When Peer Review Goes Nuclear: The Saga of *UltraLightUNet* and the EMCAD Déjà Vu

root

The annual ICLR peer-review season is always a drama buffet, but the story behind “UltraLightUNet: Rethinking U-shaped Network with Multi-kernel Lightweight Convolutions for Medical Image Segmentation” (see OpenReview submission page) is the kind of spicy saga that makes you want to grab popcorn and clutch your arXiv preprints tight.

Screenshot 2025-08-01 at 00.48.40.jpg

Setting the Stage: UltraLightUNet Enters the Arena

UltraLightUNet promised a new era for medical image segmentation: tiny, nimble, yet supposedly able to outperform those chunky transformer and UNet-based behemoths hogging GPUs in radiology labs. The core claims?

Multi-Kernel Inverted Residual (MKIR) Block: Squeeze more features from less compute by mixing kernel sizes.
Multi-Kernel Inverted Residual Attention (MKIRA) Block: Further boost performance by gluing together multi-focal attention and the above.
2D and 3D: Not just flat slides — volumetric stuff too!
Resource Efficiency: “Look, Ma, no FLOPs!” (Okay, just less.)

But here’s where the fun begins.

Peer Review: When All Paths Lead to EMCAD

At ICLR, UltraLightUNet was greeted by two of the most feared words in the reviewer lexicon: Strong Reject. Here’s what happened:

Reviewer #1 (jeKK):

"This is basically EMCAD (CVPR 2024), just with a few tweaks and a new name. And the same authors too!
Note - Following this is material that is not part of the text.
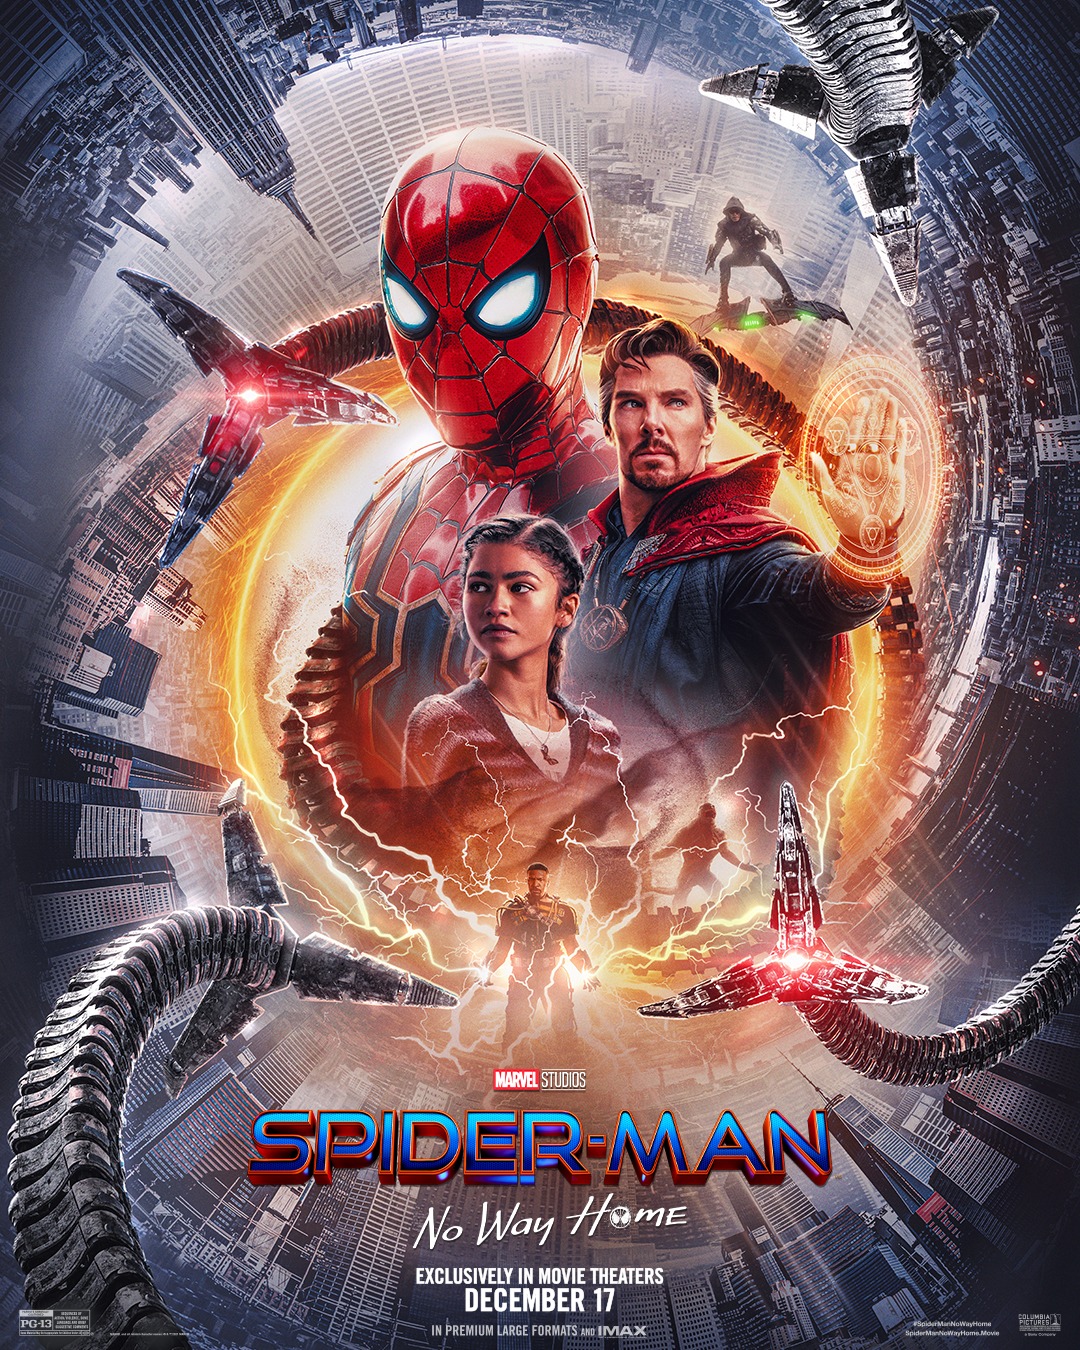 Petition · Make The Amazing Spider-Man 3 directed by Marc Webb and

Is this plagiarism or dual submission?"

Reviewer jeKK didn’t just drop accusations—he provided side-by-side architectural diagrams, tables, and direct quotes. The authors countered with a robust defense: “It’s not the same, we swear! Ours is the electric scooter to EMCAD’s highway system!” (Yes, that analogy was real.)

Reviewer #2 (zJLj):

"Novelty? Meh. Depth-wise convolution and attention have been milked dry. All you did was N to N+1 module fusion. Not impactful, and your baseline results are fishy—why copy them from other non-benchmark papers instead of rerunning?"

Both reviewers, in classic OpenReview fashion, asked for more comparisons, more 3D SOTA, more theoretical depth, more interpretability, more everything.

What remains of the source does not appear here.